With troops and tanks massed along the Gaza border for a possible ground invasion, Israel's government authorized the mobilization of 2,500 army reservists to expand an earlier call-up of 6,500 soldiers.

Undeterred by waves of punishing attacks on its arsenal, command posts, rocket-launch sites, tunnels and weapons labs, Hamas fired deep into Israel on Wednesday, bringing daily life to a near-standstill for about half a million people in the southern part of the country.

Three Israeli civilians and a soldier have been killed by rocket fire since Saturday; no serious casualties were reported Wednesday.

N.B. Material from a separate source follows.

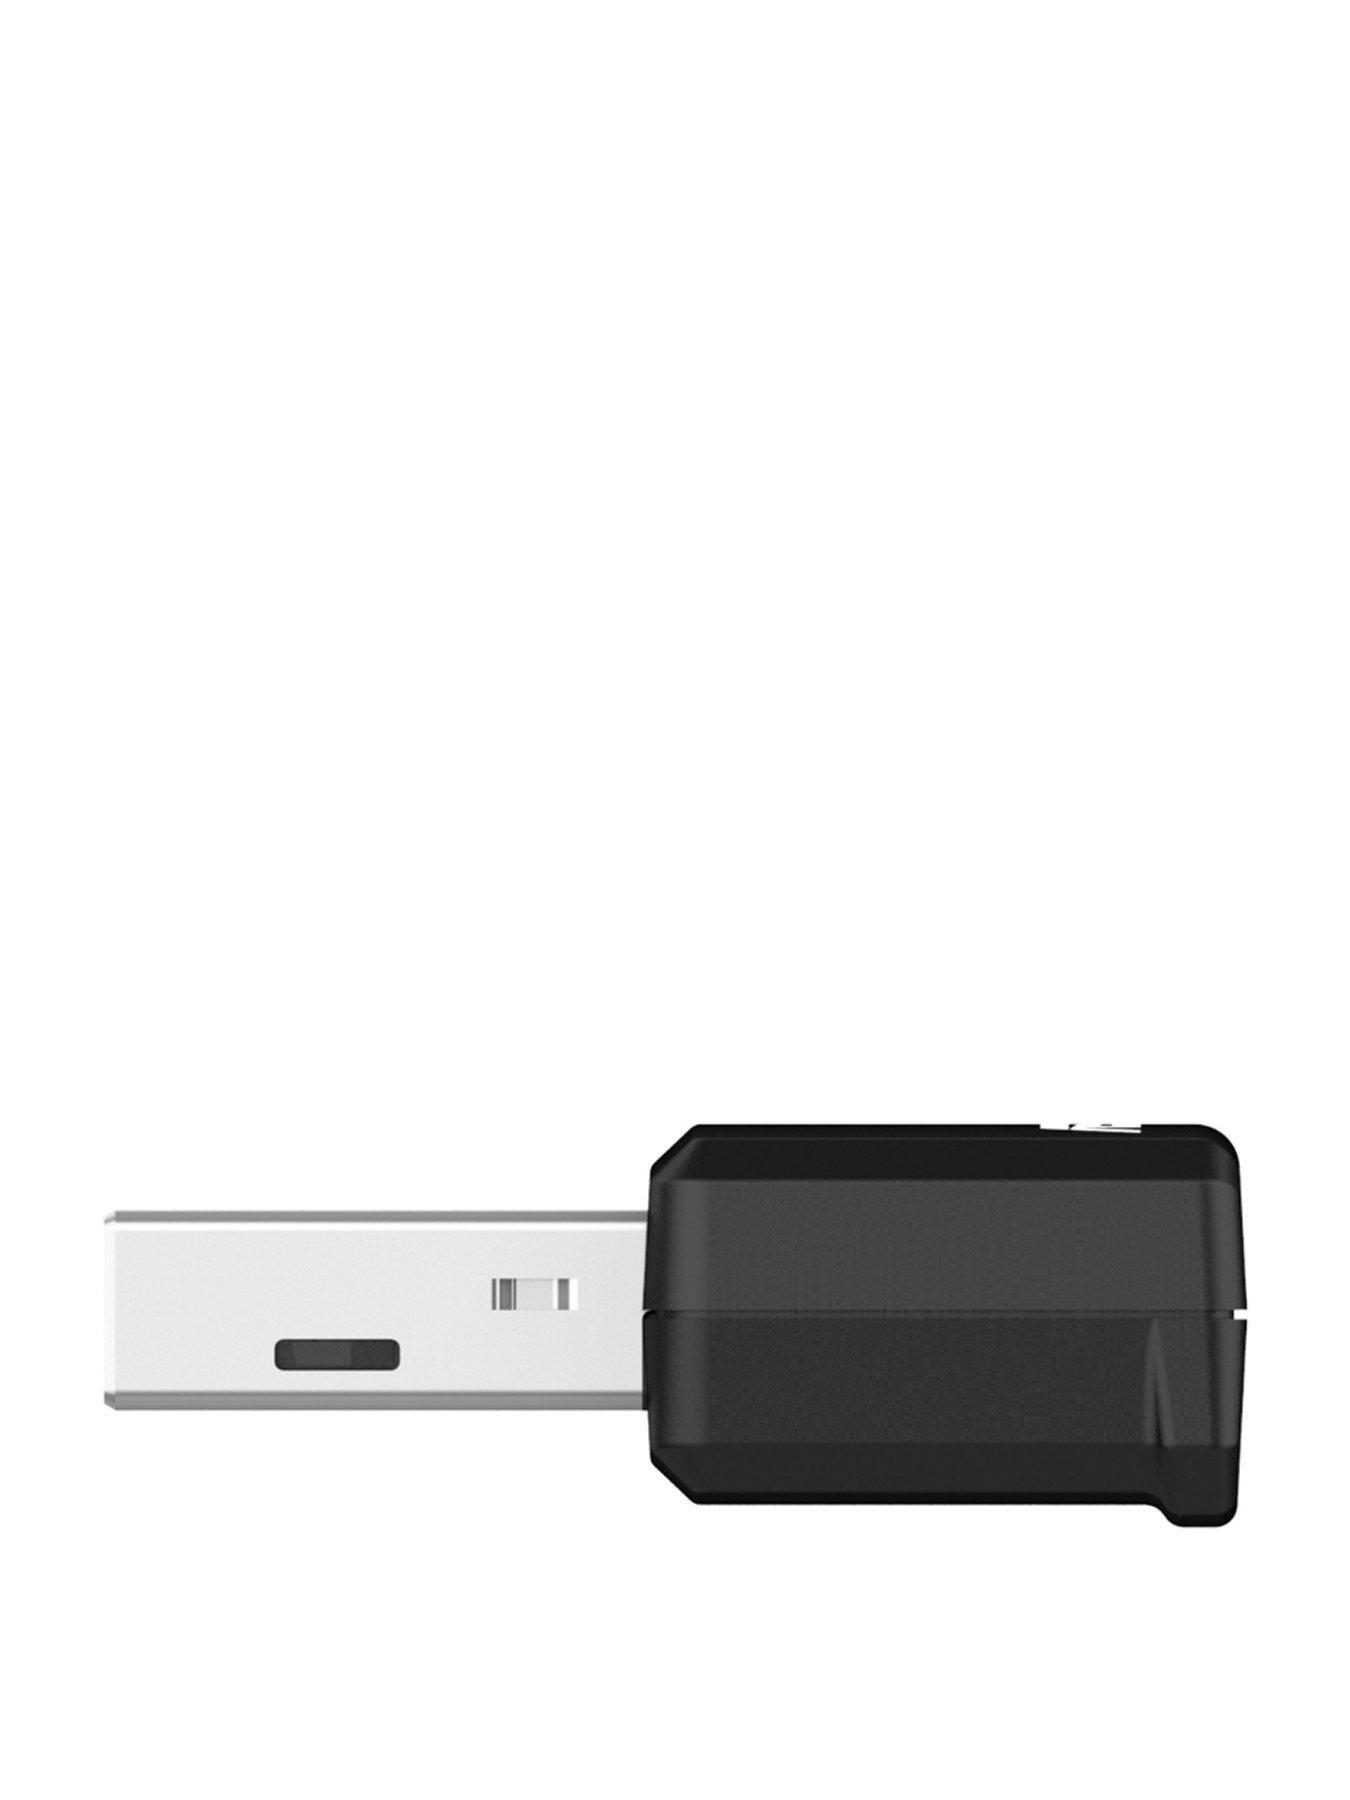 Asus USB-AX55 Nano: Trình kết nối Wi-Fi vô cùng tiện lợi và hiệu quả, giúp tăng tốc độ internet, đảm bảo trải nghiệm trực tuyến tuyệt vời. Thiết kế nhỏ gọn, dễ dàng sử dụng.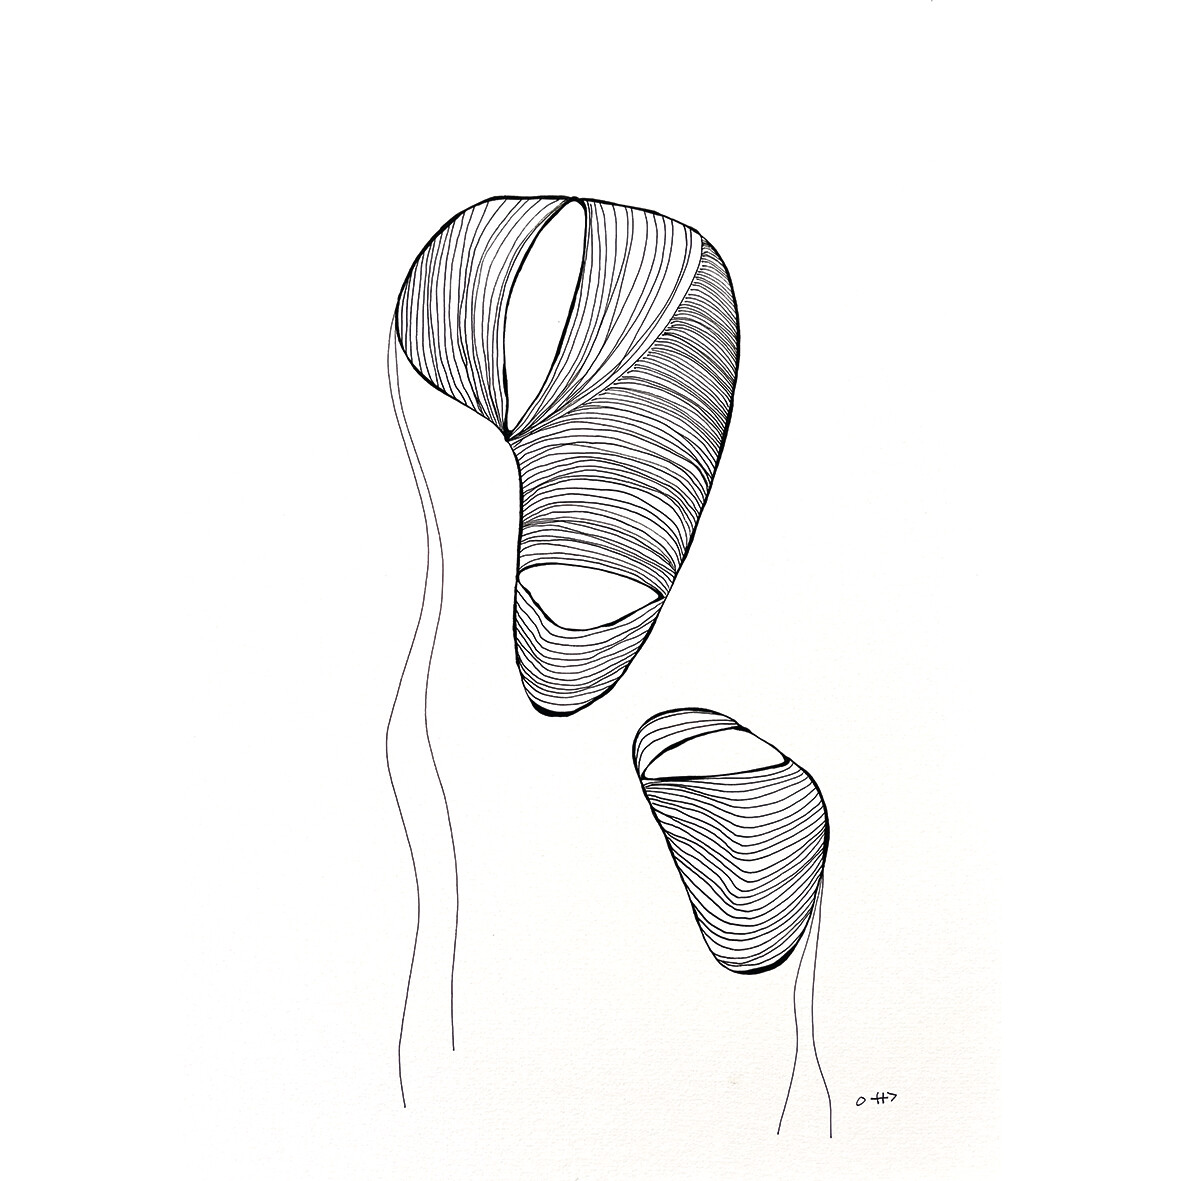 Sillyfish - Pentekening uit de serie "Inner Strength"

Hamas, which calls for destruction of the Jewish state, has intensified its rocket fire since Israel withdrew from Gaza in 2005. In mid-2007, the Islamic group seized control of the impoverished territory from the secular Fatah movement with which it had shared power in a government elected the previous year.

Israeli Prime Minister Ehud Olmert told a meeting of his security advisors that the French proposal lacked guarantees to ensure that Hamas would stop firing rockets and would be prevented from smuggling more weapons into Gaza through tunnels from Egypt.

"If conditions ripen and provide a diplomatic solution for ensuring a much better security reality in the south, we will consider it," Olmert said, according to Israel's Ynet news website. "But we are not there yet."